More than 50 UK-linked companies have been put under investigation for suspected oil price cap breaches since the scheme started in 2022, but no one has been fined, the British government has revealed.

A freedom of information request by the BBC found that 37 of those investigations were still live in August and 15 had been finished. The figures suggest a sharp increase in cases since TradeWinds filed a similar request earlier this year.

The G7 oil price cap, first set in December 2022, was designed to limit Russian proceeds from fossil fuel sales by barring Western service providers from involvement in shipments when crude cargoes were sold above $60 per barrel.

But some Western shipping companies and insurers continued their involvement in the trades when market prices rose above the cap level, by relying on documents provided by traders showing that they remained within the scheme.

Campaign groups and the Ukrainian government have called for greater enforcement.

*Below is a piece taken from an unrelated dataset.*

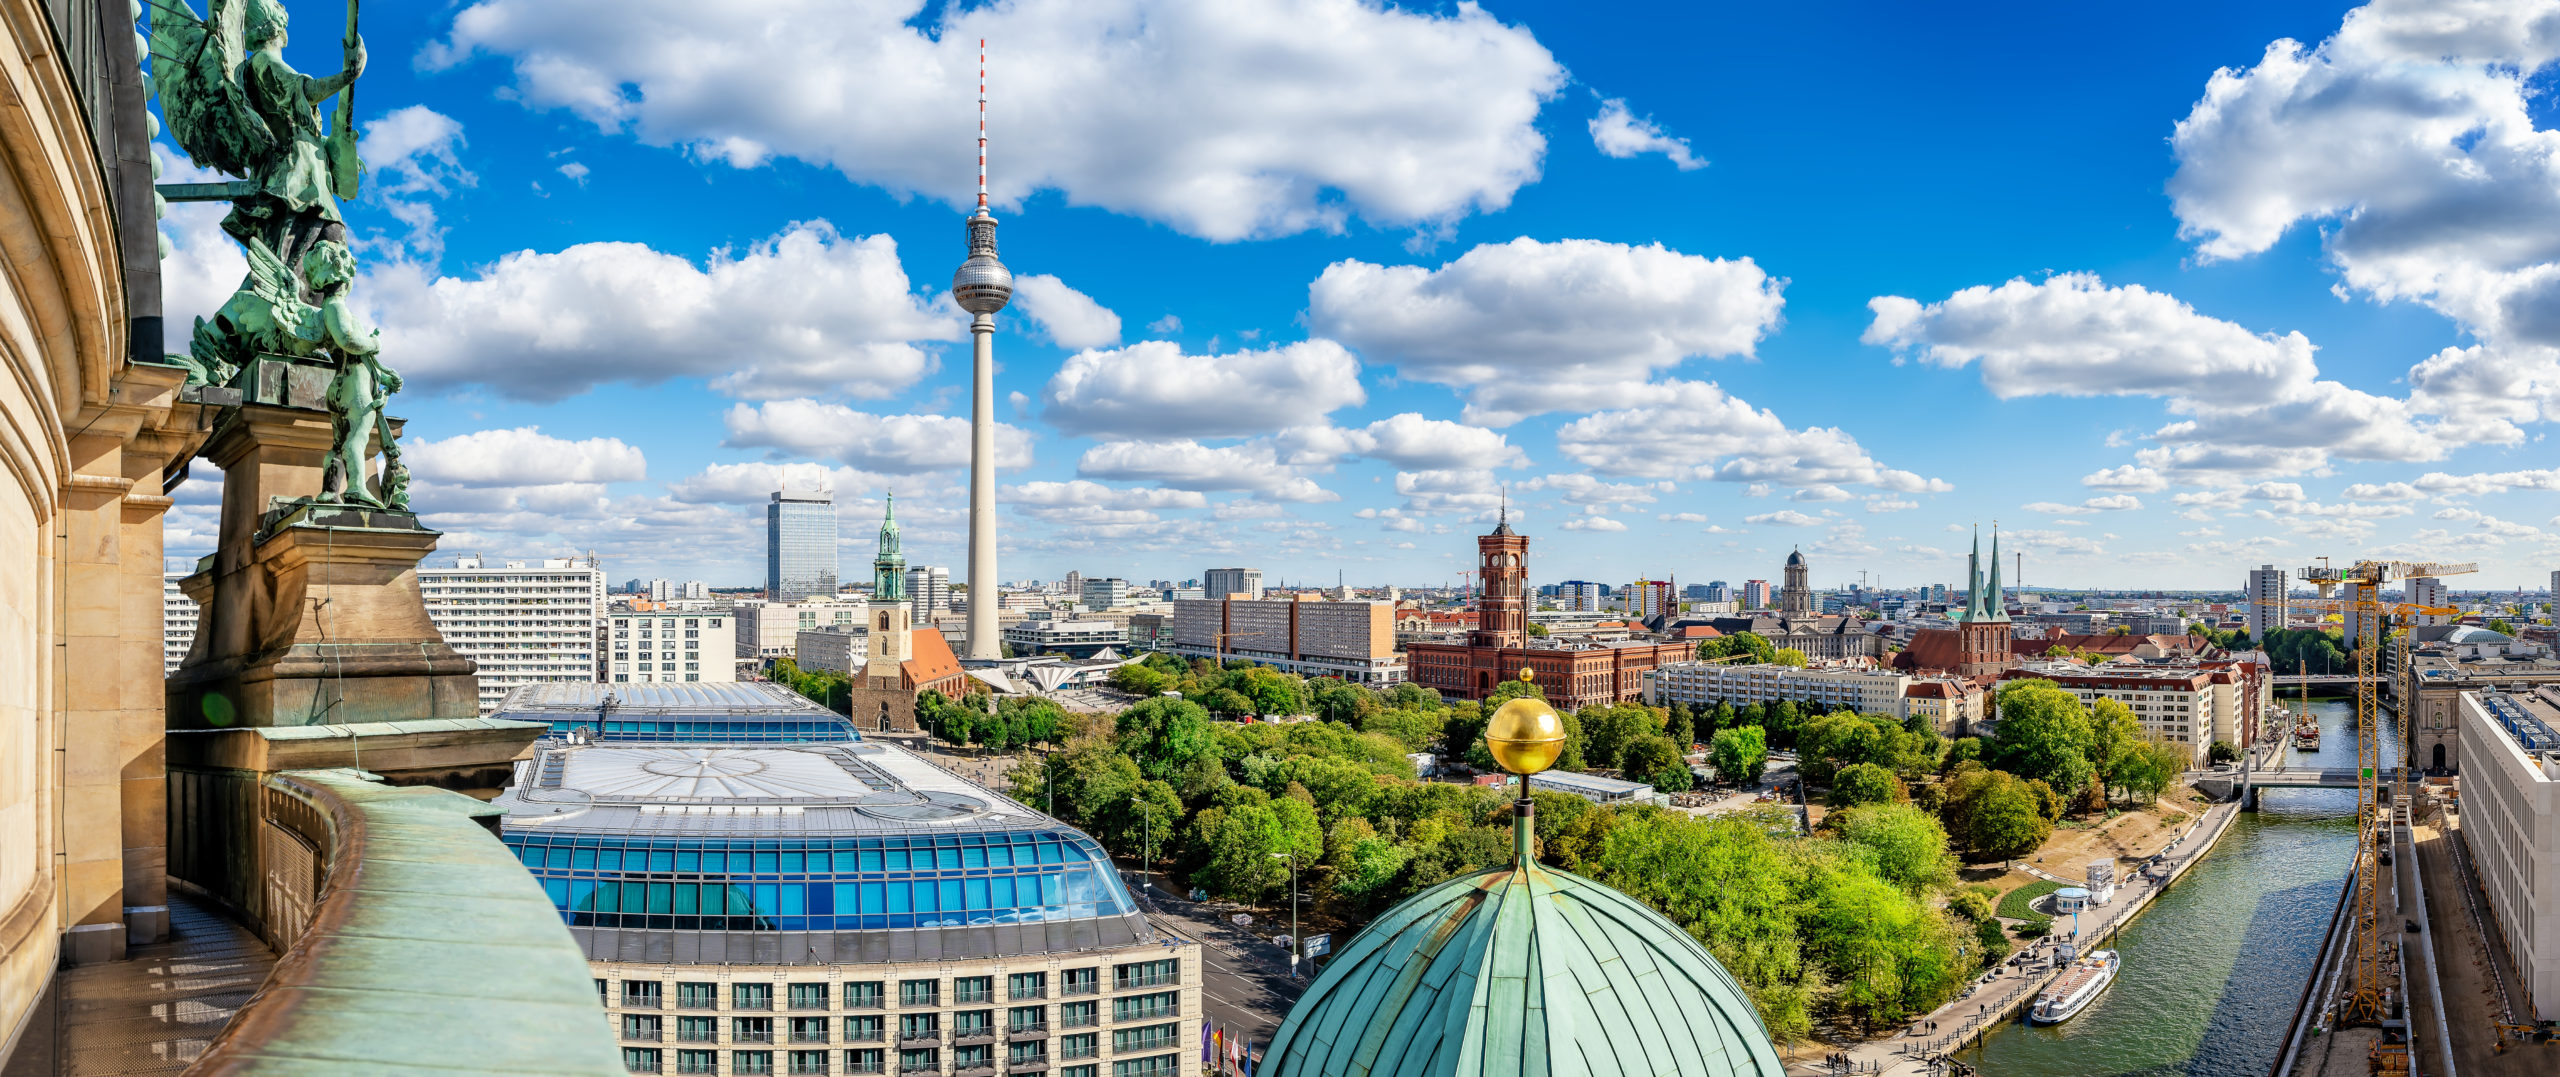 Was kann man in Berlin machen? Die Top 10 Aktivitäten in der Hauptstadt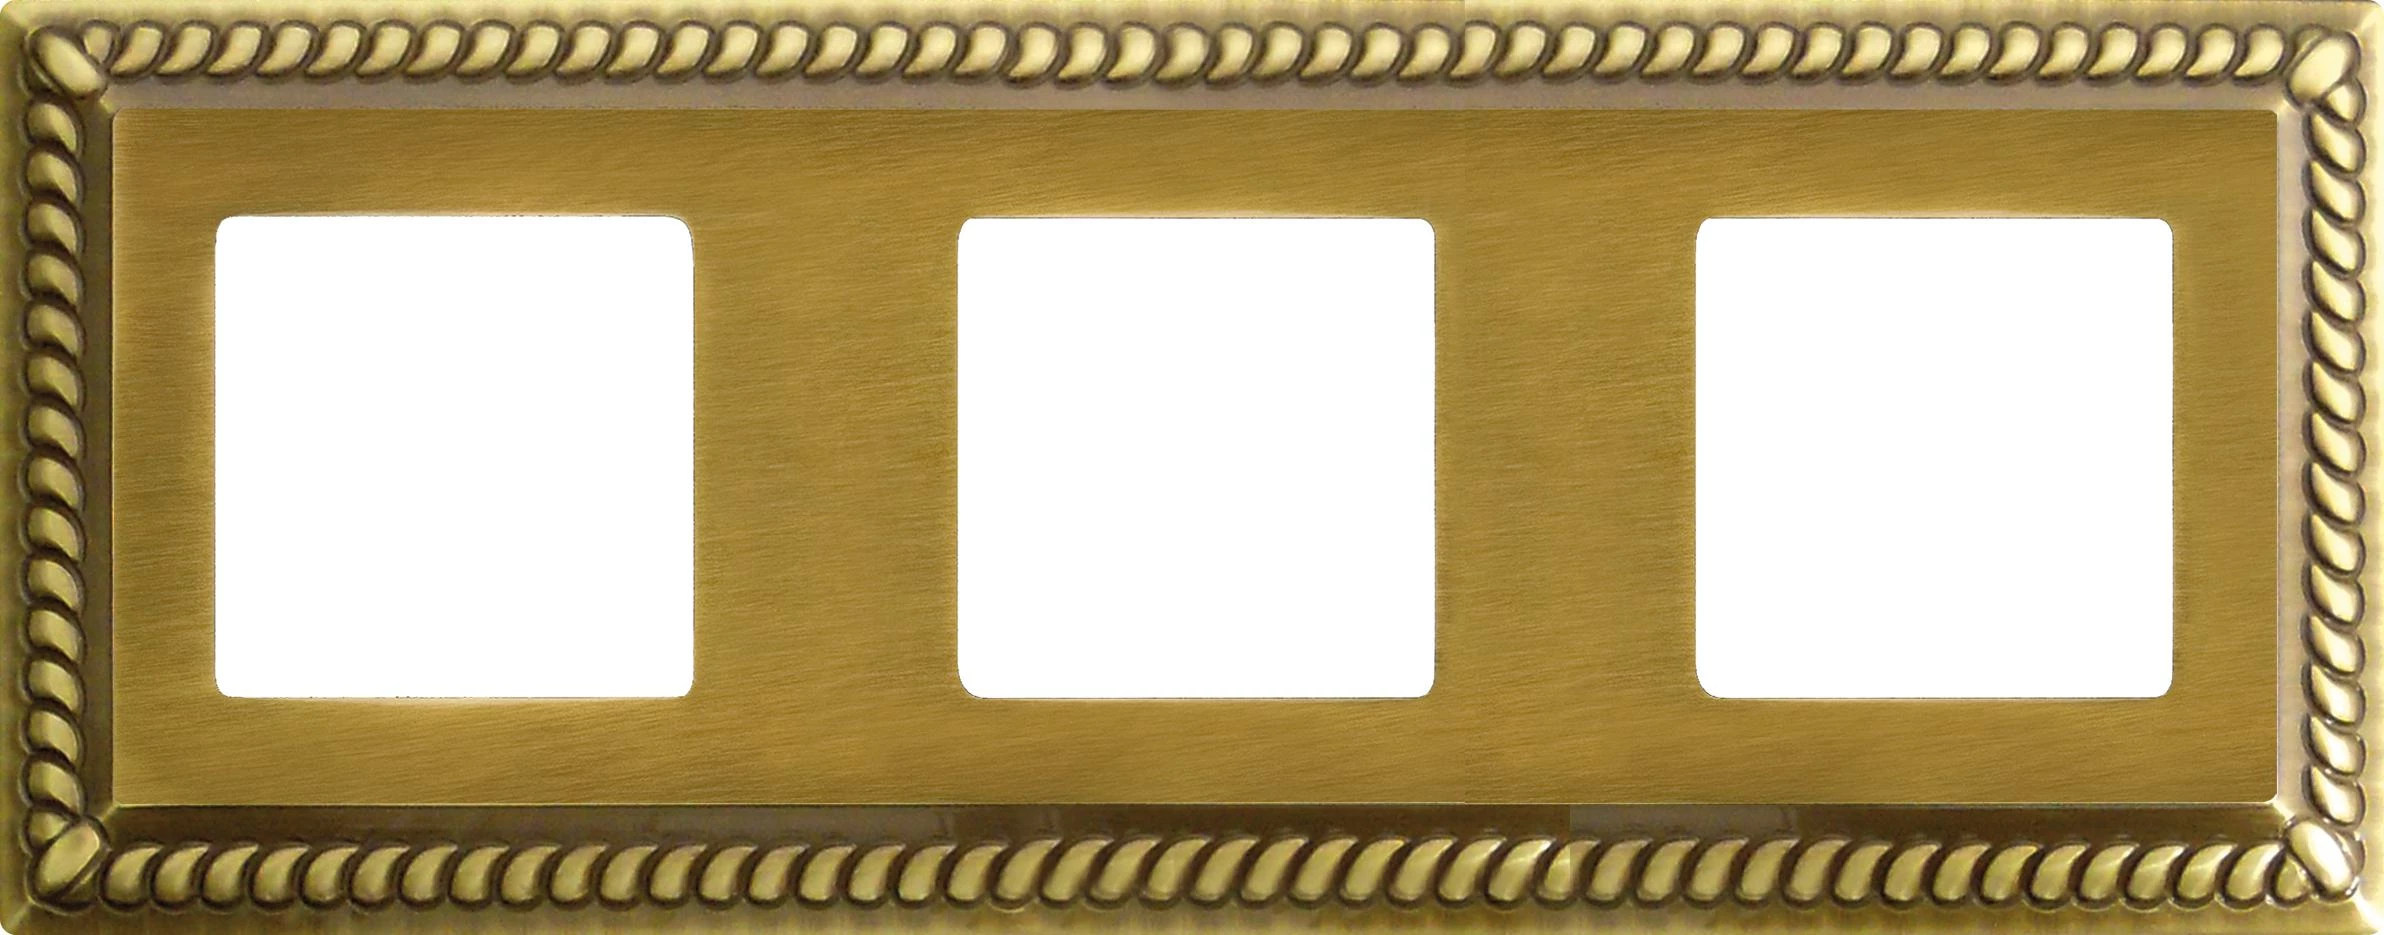  артикул FD01233PB название Рамка 3-ая (тройная), цвет Светлая бронза, Sevilla, Fede

Anti-corruption organisation Global Witness said the oil cap was failing to crack down on rule-breaking and called for bold action.

Louis Wilson, the group’s fossil fuel investigator, told the BBC that if the UK government “prevents British businesses from enabling Putin’s profiteering, then I think you’ll start to see others following that lead”.

TradeWinds revealed earlier this year that the UK’s sanctions regulators had recorded only 21 cases of suspected UK-linked evasion in the first 16 months of the price cap scheme.

Twelve investigations were ongoing in April 2024, but it was not clear how many companies were involved in those probes. Details of the companies under investigation were not revealed.

The number of cases can only be revealed after TradeWinds successfully challenged the government’s refusal to reveal even basic details of investigations into alleged price cap breaches amid widespread concerns over the effectiveness of the scheme.

The Treasury had claimed it was not in the public interest to release such data, because it could help those “attempting to evade or breach” the cap.

But following the TradeWinds challenge, it accepted that more information could “address concerns regarding the effectiveness” of the regulator and the sanctions regime.

The International Group of P&I Clubs, which represents clubs with nearly 90% of oceangoing tonnage, said earlier this year that 800 ships had left their books owing to compliance burdens of the oil price cap, which it described as flawed and increasingly unenforceable.

The Financial Times revealed this week that a British financier, John Ormerod, backed by Russian money, was behind a series of purchases of ships that ended up in the shadow fleet.

Shipbroker Braemar told the newspaper it was involved in some of the deals. Law firm Watson Farley & Williams acted as the escrow agent on behalf of the seller on some deals.

There was no suggestion that any laws had been broken, and the companies said they had carried out full due diligence checks.

Braemar shares continued to drop on Friday. The stock has lost 10% of its value since the story broke.